DATA EXTRACTS:

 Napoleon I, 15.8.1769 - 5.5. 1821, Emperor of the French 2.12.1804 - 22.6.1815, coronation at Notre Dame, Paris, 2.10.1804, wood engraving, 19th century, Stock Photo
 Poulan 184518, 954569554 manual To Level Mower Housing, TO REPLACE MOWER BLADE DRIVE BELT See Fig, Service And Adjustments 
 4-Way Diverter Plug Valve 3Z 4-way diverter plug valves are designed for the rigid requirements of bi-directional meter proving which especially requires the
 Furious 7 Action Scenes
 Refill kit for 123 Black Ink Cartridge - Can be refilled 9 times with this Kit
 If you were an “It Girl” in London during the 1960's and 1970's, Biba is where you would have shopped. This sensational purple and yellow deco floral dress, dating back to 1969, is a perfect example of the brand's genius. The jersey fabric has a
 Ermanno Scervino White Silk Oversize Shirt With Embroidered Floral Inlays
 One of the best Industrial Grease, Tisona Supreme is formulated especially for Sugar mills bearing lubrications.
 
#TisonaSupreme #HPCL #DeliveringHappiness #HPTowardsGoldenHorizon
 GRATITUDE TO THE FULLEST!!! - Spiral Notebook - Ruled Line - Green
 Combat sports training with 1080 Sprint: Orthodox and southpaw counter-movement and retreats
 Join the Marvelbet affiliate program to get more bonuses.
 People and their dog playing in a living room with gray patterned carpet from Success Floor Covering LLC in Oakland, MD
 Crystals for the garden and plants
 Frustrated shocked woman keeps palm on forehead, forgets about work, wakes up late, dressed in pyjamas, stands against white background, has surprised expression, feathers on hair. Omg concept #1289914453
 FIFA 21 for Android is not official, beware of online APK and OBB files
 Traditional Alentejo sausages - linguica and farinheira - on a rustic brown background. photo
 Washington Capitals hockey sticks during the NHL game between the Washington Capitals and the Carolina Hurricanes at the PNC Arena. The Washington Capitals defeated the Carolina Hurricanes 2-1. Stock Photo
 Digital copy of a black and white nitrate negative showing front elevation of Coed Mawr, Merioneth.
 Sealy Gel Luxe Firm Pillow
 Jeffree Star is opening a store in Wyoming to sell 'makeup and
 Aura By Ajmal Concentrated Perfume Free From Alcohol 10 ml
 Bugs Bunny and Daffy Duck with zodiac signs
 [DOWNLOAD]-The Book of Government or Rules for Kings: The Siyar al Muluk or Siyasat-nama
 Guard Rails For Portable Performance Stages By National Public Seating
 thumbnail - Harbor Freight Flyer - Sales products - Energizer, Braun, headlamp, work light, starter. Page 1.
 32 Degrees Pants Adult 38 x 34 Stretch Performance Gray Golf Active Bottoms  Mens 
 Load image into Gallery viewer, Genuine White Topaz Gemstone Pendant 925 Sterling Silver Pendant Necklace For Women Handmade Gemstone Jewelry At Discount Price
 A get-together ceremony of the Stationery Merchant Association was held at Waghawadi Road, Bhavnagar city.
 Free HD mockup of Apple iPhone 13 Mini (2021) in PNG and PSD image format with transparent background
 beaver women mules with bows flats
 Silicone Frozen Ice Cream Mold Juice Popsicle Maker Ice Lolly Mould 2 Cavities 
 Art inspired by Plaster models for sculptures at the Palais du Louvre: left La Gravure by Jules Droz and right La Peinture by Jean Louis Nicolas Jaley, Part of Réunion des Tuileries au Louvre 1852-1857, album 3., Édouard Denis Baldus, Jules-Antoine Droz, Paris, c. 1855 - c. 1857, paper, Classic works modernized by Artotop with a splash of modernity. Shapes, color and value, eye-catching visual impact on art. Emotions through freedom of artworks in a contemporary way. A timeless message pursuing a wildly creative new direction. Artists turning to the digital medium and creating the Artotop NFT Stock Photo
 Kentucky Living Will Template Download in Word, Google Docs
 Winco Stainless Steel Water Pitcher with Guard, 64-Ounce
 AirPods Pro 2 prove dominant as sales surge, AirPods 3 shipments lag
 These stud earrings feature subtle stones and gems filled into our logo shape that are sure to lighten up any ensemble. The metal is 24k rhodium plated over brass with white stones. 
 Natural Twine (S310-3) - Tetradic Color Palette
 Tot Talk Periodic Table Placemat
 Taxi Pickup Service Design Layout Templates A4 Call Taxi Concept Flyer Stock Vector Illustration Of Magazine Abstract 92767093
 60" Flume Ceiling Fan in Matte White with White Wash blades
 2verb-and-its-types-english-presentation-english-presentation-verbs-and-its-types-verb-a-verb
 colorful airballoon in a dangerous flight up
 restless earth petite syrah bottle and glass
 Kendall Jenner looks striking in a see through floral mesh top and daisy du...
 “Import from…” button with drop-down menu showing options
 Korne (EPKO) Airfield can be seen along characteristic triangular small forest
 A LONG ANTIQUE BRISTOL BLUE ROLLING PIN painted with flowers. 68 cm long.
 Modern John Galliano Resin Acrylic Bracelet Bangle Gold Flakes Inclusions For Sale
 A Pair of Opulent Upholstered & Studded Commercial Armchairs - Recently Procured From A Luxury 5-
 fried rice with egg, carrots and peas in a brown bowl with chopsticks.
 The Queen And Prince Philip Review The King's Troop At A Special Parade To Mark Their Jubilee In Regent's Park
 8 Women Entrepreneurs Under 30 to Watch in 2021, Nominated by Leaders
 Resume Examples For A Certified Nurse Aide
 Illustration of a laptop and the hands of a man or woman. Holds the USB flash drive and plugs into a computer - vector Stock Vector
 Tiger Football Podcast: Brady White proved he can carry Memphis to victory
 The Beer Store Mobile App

EXERCISE: Print all the data exactly as shown above.

TASK RESPONSE:
 Napoleon I, 15.8.1769 - 5.5. 1821, Emperor of the French 2.12.1804 - 22.6.1815, coronation at Notre Dame, Paris, 2.10.1804, wood engraving, 19th century, Stock Photo
 Poulan 184518, 954569554 manual To Level Mower Housing, TO REPLACE MOWER BLADE DRIVE BELT See Fig, Service And Adjustments 
 4-Way Diverter Plug Valve 3Z 4-way diverter plug valves are designed for the rigid requirements of bi-directional meter proving which especially requires the
 Furious 7 Action Scenes
 Refill kit for 123 Black Ink Cartridge - Can be refilled 9 times with this Kit
 If you were an “It Girl” in London during the 1960's and 1970's, Biba is where you would have shopped. This sensational purple and yellow deco floral dress, dating back to 1969, is a perfect example of the brand's genius. The jersey fabric has a
 Ermanno Scervino White Silk Oversize Shirt With Embroidered Floral Inlays
 One of the best Industrial Grease, Tisona Supreme is formulated especially for Sugar mills bearing lubrications.
 
#TisonaSupreme #HPCL #DeliveringHappiness #HPTowardsGoldenHorizon
 GRATITUDE TO THE FULLEST!!! - Spiral Notebook - Ruled Line - Green
 Combat sports training with 1080 Sprint: Orthodox and southpaw counter-movement and retreats
 Join the Marvelbet affiliate program to get more bonuses.
 People and their dog playing in a living room with gray patterned carpet from Success Floor Covering LLC in Oakland, MD
 Crystals for the garden and plants
 Frustrated shocked woman keeps palm on forehead, forgets about work, wakes up late, dressed in pyjamas, stands against white background, has surprised expression, feathers on hair. Omg concept #1289914453
 FIFA 21 for Android is not official, beware of online APK and OBB files
 Traditional Alentejo sausages - linguica and farinheira - on a rustic brown background. photo
 Washington Capitals hockey sticks during the NHL game between the Washington Capitals and the Carolina Hurricanes at the PNC Arena. The Washington Capitals defeated the Carolina Hurricanes 2-1. Stock Photo
 Digital copy of a black and white nitrate negative showing front elevation of Coed Mawr, Merioneth.
 Sealy Gel Luxe Firm Pillow
 Jeffree Star is opening a store in Wyoming to sell 'makeup and
 Aura By Ajmal Concentrated Perfume Free From Alcohol 10 ml
 Bugs Bunny and Daffy Duck with zodiac signs
 [DOWNLOAD]-The Book of Government or Rules for Kings: The Siyar al Muluk or Siyasat-nama
 Guard Rails For Portable Performance Stages By National Public Seating
 thumbnail - Harbor Freight Flyer - Sales products - Energizer, Braun, headlamp, work light, starter. Page 1.
 32 Degrees Pants Adult 38 x 34 Stretch Performance Gray Golf Active Bottoms  Mens 
 Load image into Gallery viewer, Genuine White Topaz Gemstone Pendant 925 Sterling Silver Pendant Necklace For Women Handmade Gemstone Jewelry At Discount Price
 A get-together ceremony of the Stationery Merchant Association was held at Waghawadi Road, Bhavnagar city.
 Free HD mockup of Apple iPhone 13 Mini (2021) in PNG and PSD image format with transparent background
 beaver women mules with bows flats
 Silicone Frozen Ice Cream Mold Juice Popsicle Maker Ice Lolly Mould 2 Cavities 
 Art inspired by Plaster models for sculptures at the Palais du Louvre: left La Gravure by Jules Droz and right La Peinture by Jean Louis Nicolas Jaley, Part of Réunion des Tuileries au Louvre 1852-1857, album 3., Édouard Denis Baldus, Jules-Antoine Droz, Paris, c. 1855 - c. 1857, paper, Classic works modernized by Artotop with a splash of modernity. Shapes, color and value, eye-catching visual impact on art. Emotions through freedom of artworks in a contemporary way. A timeless message pursuing a wildly creative new direction. Artists turning to the digital medium and creating the Artotop NFT Stock Photo
 Kentucky Living Will Template Download in Word, Google Docs
 Winco Stainless Steel Water Pitcher with Guard, 64-Ounce
 AirPods Pro 2 prove dominant as sales surge, AirPods 3 shipments lag
 These stud earrings feature subtle stones and gems filled into our logo shape that are sure to lighten up any ensemble. The metal is 24k rhodium plated over brass with white stones. 
 Natural Twine (S310-3) - Tetradic Color Palette
 Tot Talk Periodic Table Placemat
 Taxi Pickup Service Design Layout Templates A4 Call Taxi Concept Flyer Stock Vector Illustration Of Magazine Abstract 92767093
 60" Flume Ceiling Fan in Matte White with White Wash blades
 2verb-and-its-types-english-presentation-english-presentation-verbs-and-its-types-verb-a-verb
 colorful airballoon in a dangerous flight up
 restless earth petite syrah bottle and glass
 Kendall Jenner looks striking in a see through floral mesh top and daisy du...
 “Import from…” button with drop-down menu showing options
 Korne (EPKO) Airfield can be seen along characteristic triangular small forest
 A LONG ANTIQUE BRISTOL BLUE ROLLING PIN painted with flowers. 68 cm long.
 Modern John Galliano Resin Acrylic Bracelet Bangle Gold Flakes Inclusions For Sale
 A Pair of Opulent Upholstered & Studded Commercial Armchairs - Recently Procured From A Luxury 5-
 fried rice with egg, carrots and peas in a brown bowl with chopsticks.
 The Queen And Prince Philip Review The King's Troop At A Special Parade To Mark Their Jubilee In Regent's Park
 8 Women Entrepreneurs Under 30 to Watch in 2021, Nominated by Leaders
 Resume Examples For A Certified Nurse Aide
 Illustration of a laptop and the hands of a man or woman. Holds the USB flash drive and plugs into a computer - vector Stock Vector
 Tiger Football Podcast: Brady White proved he can carry Memphis to victory
 The Beer Store Mobile App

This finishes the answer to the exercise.